Image courtesy of 123rf.com
Over the week, Nvidia (Nasdaq: NVDA) stock dropped by 6.5% to $136.71 per share, leveling to the first half of October price range. It is telling that this price correction occurred after another earnings per share (EPS) beatdown. On November 20th, for the Q3 ending October 27nd, Nvidia surprised investors by 11.43%, having beaten the EPS estimate of $0.7 at $0.78.
Year-over-year, Nvidia’s EPS was 111% higher, while NVDA stock got boosted 189% for the same period . Yet, the $2 billion revenue estimate beatdown to $35.1 billion (up 94% YoY) seems to have elicited muted enthusiasm.
On one hand, it makes sense there would be cashouts for such a continuously and rapidly rising stock. This would then serve as the buy the dip opportunity. On the other hand, is AI data center demand as high ahead as the last two years of NVDA stock performance indicated?
Is there Such a Thing as an “AI Bubble”?
For there to be a bubble, the sector would have to be massively overvalued. Not just in terms of demand but also in terms of AI products returning investments. AI deployment across text-to-text, text-to-image, and text-to-video may as well become omnipresent, but there is a lingering question if such deployment will be adequately profitable.

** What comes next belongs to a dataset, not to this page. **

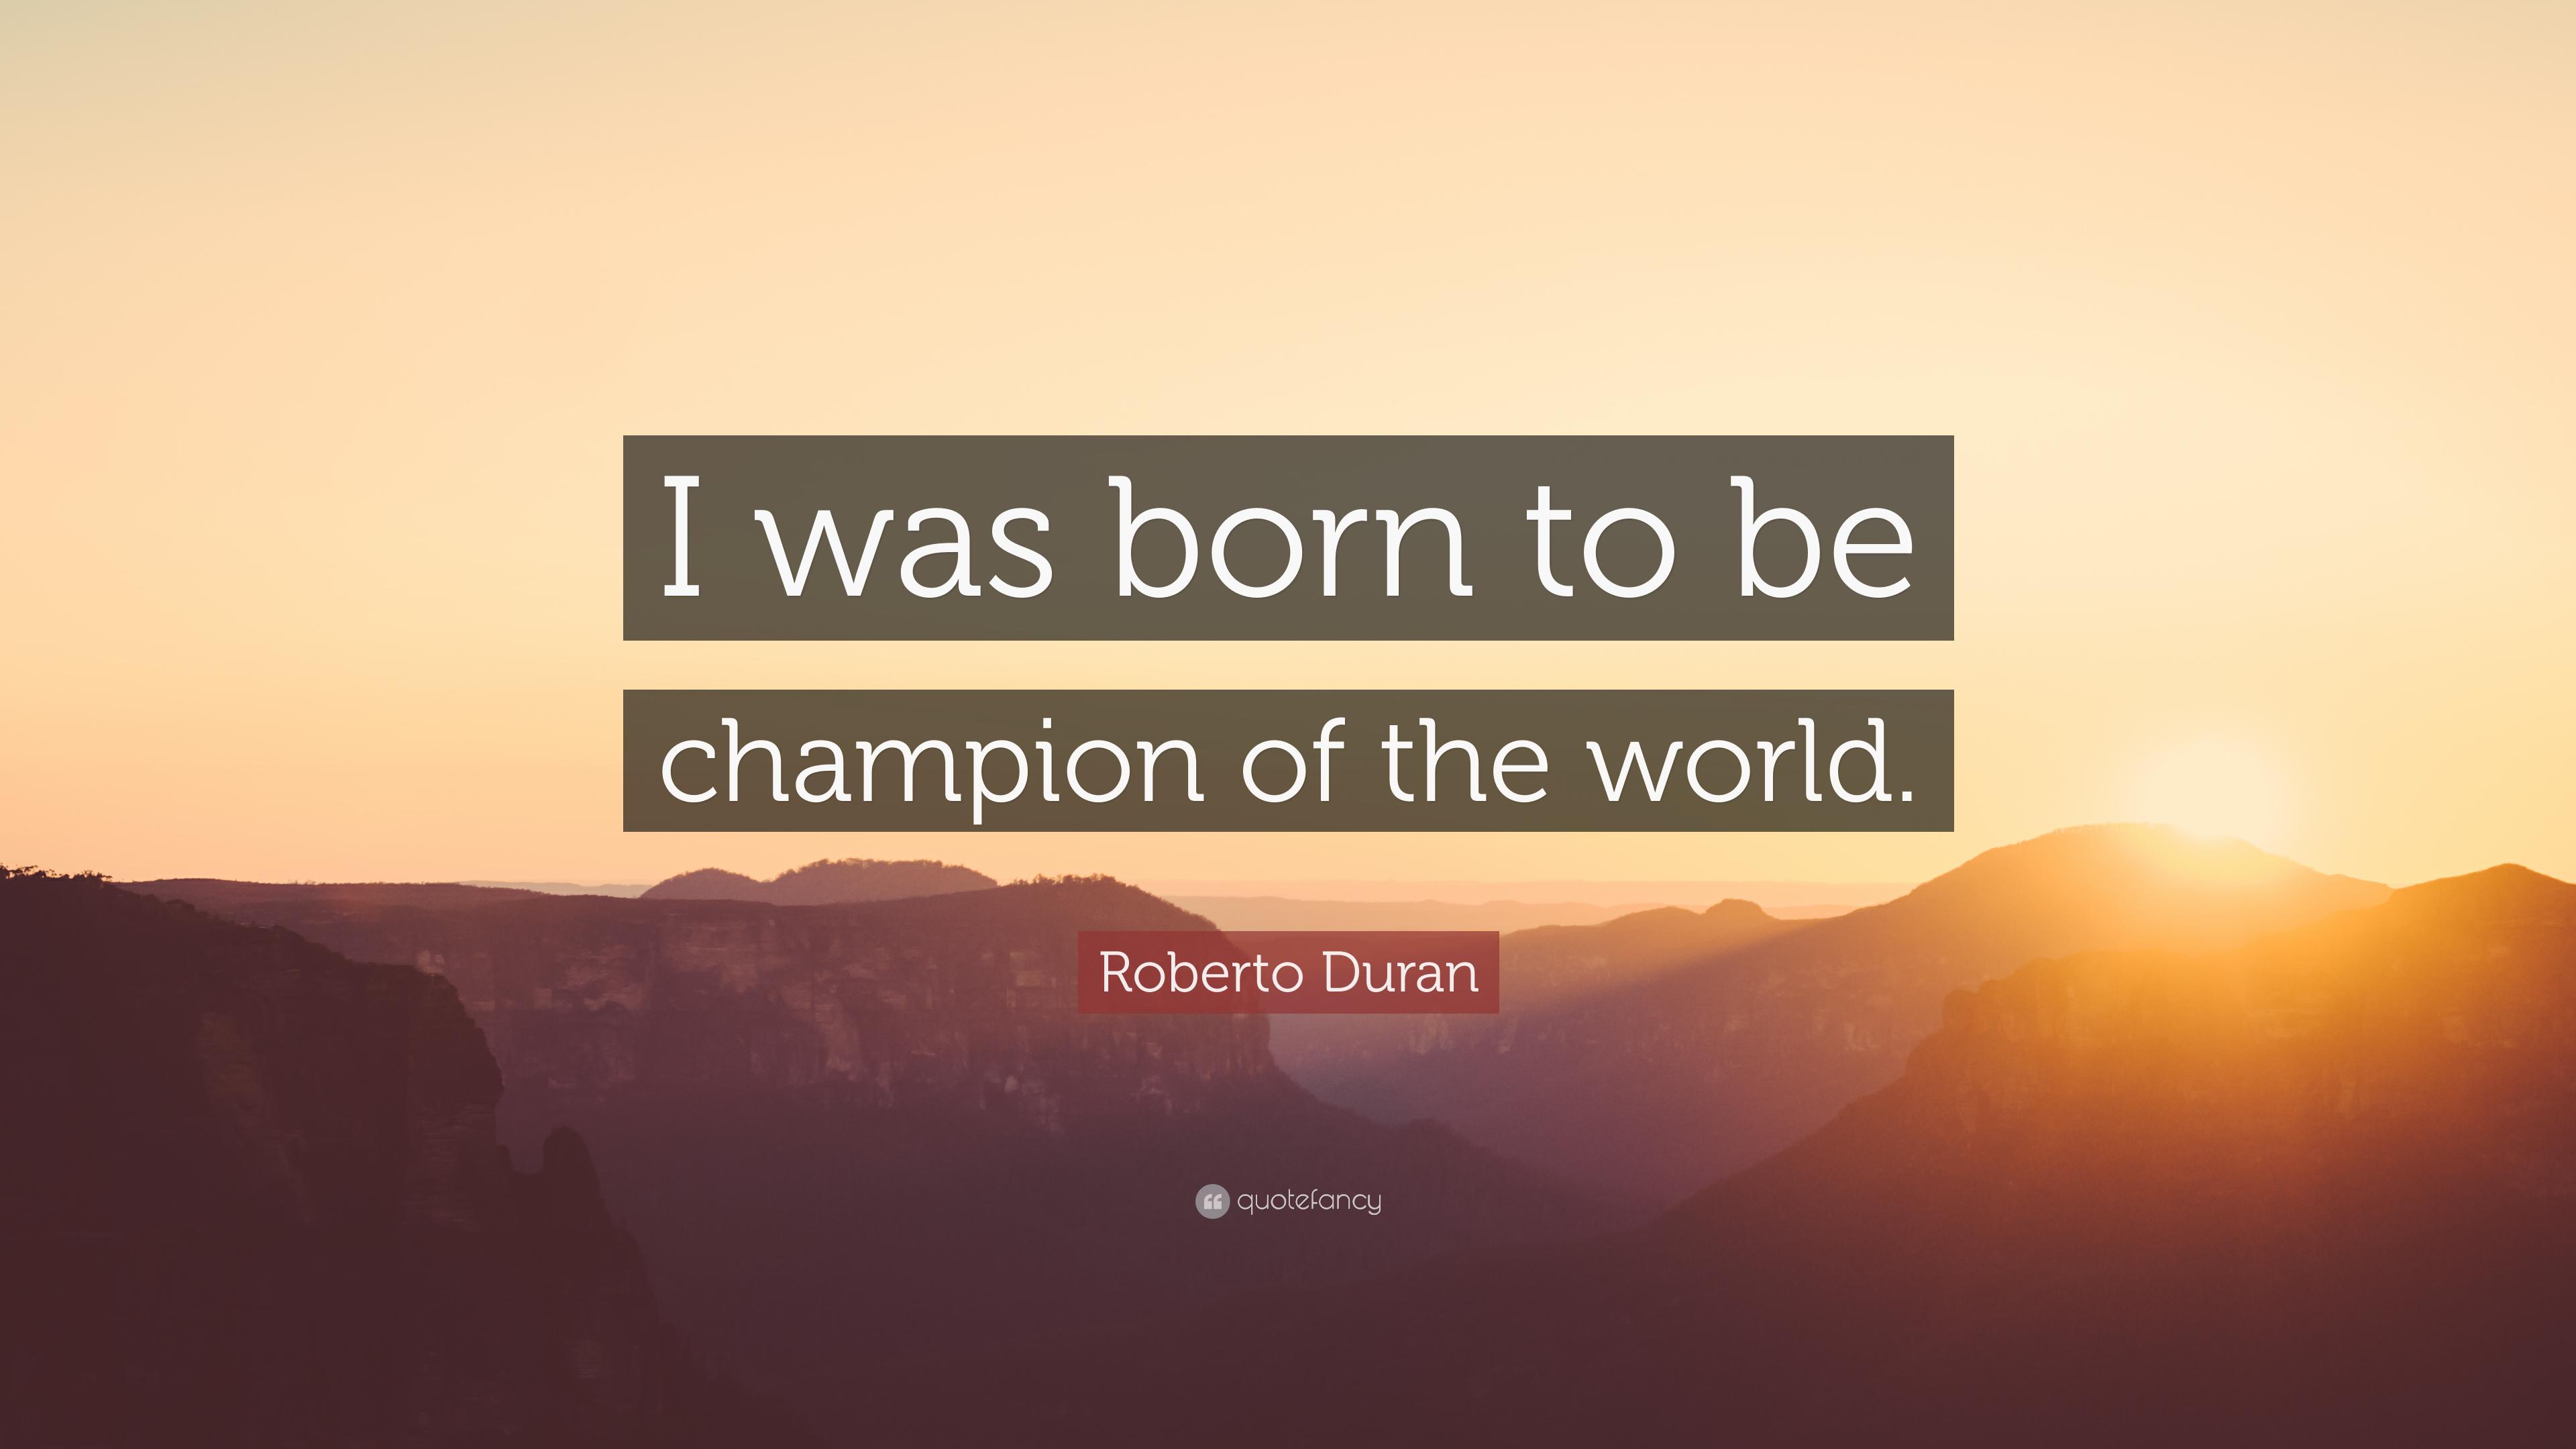 Roberto Duran Quote: “I was born to be champion of the world

After all, the popping of the dot-com bubble in early 2000 did not cause the internet to linger in stasis. On the contrary, but the Nvidia of the dot-com bubble, Cisco Systems (Nasdaq: CSCO) is still far away from its all-time high price of 80.06 in March 2000, vs its current price of $59.38 per share.
According to Crunchbase data, AI startups have cumulatively raised over $150 billion since 2021. Notably, this capital growth is escalating, having grown 80% more in Q1’24 than in Q1’23. Per Stocklytics, this led to $33 billion raised capital in just the first half of 2024. For comparison, US-based VC funding for crypto startups was just over $7 billion (trailing three months) at the peak of 2022.
That was before a series of crypto bankruptcies (BlockFi, Terra, Celsius, FTX…) flatlined the crypto market, alongside the regulatory suppression via Operation Choke Point 2.0.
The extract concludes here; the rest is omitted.